Он дружески похлопал Пула по плечу и вышел, направляясь в сопровождении Фокса на последний допрос. Жака Доре.
III
Разговор состоялся на сцене. Доктор Разерфорд удалился в кабинет администратора, чтобы привести, как он сказал Фоксу, свой костюм в порядок. Актеры разошлись по гримерным, а Клема Смита отпустили домой.
Джеко слонялся по сцене среди декораций.
— О чем будем говорить? — спросил он, сворачивая самокрутку.
— Прежде всего я вынужден просить вас позволить себя обыскать. Эту процедуру мы проделали здесь со всеми джентльменами. У нас нет ордера на обыск, но пока никто не возражал.
— А кто я такой, чтобы возражать?
Фокс нашел в его карманах несколько любопытных предметов: кусочек мела, карандаши, ластик, хирургический скальпель в чехольчике — Джеко пояснил, что он служит для резки по дереву, — бумажник с деньгами, фотографию Елены Гамильтон, листки с набросками, ватные тампоны и пустую бутылочку, сильно пахнущую эфиром. В ней была жидкость, используемая для чистки одежды.

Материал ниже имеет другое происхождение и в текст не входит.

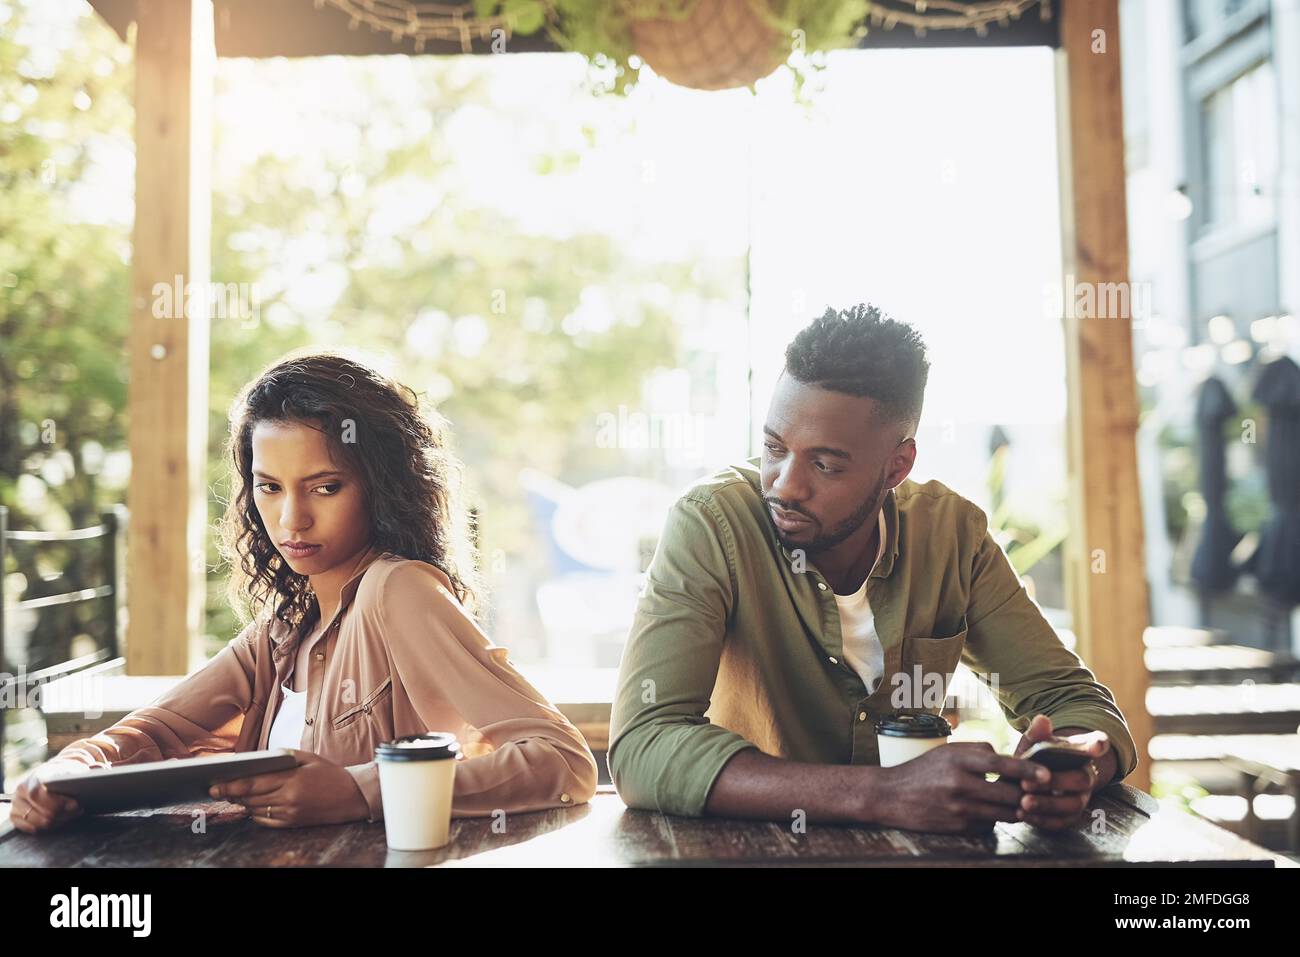 Soziale Medien können gut oder schlecht für Ihre Beziehung sein. Zwei junge Menschen, die ihre Wireless-Geräte in einem Café verwenden. Stockfoto

— Актеры, — пожаловался Джеко, — постоянно пачкаются кто чем, а я помогаю оттереть пятна. Мое пальто висит в чулане. Там, я думаю, вы сможете найти лишь грязный носовой платок.

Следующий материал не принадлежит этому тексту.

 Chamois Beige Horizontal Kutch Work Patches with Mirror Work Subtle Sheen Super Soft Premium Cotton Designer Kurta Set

Аллейн поблагодарил и кивнул Фоксу. Тот сел и раскрыл блокнот.
— Какая у вас официальная должность в театре. В программке написано, что…
— В программках пишут так, — сказал Джеко, — чтобы пристойно звучало. На самом деле я рабочий ишак, как говорят на Востоке. Прислуга за все. Подручный мистера Адама Пула по всем вопросам. В данный момент костюмер мисс Елены Гамильтон. Человек, которому каждый здесь может поплакаться в жилетку. В общем, я в этом театре альфа и омега, такие встречались только в эпоху Возрождения. Кстати, таковым себя полагал и Шекспир. Перефразируя известное выражение можно было бы сказать: «Вулкан» — это я. Надеюсь, так будет и впредь.
— Судя по оформлению костюмов и декораций, — отозвался Аллейн, — и по очаровательному ожерелью, несомненно, вашей работы, в этом нет никаких сомнений. Но вы работаете с руководителем труппы уже давно, не так ли?
— Двадцать лет, — кивнул Джеко, заканчивая возню с самокруткой. — Двадцать лет я исполняю роль шута. Стыдно признаваться, но таково мое амплуа. Так чем я могу быть вам полезен?
— Вы по-прежнему полагаете, что Беннингтон совершил самоубийство?
Джеко прикурил самокрутку.
— Конечно. Думаю, вы просто теряете время.
— Он был тщеславен?
— Невероятно. И сознавал, что как артист закончился.
— А внешность для него имела значение?
— О да, — сказал Джеко и внимательно посмотрел на Аллейна. — А при чем тут внешность?
— Беннингтон не возражал против такого грима в спектакле? Мне он в нем не показался особенно симпатичным.
— Да, это ему не нравилось. Одно из проявлений актера-неудачника — всегда выглядеть привлекательным. К счастью, Адам настоял на таком гриме.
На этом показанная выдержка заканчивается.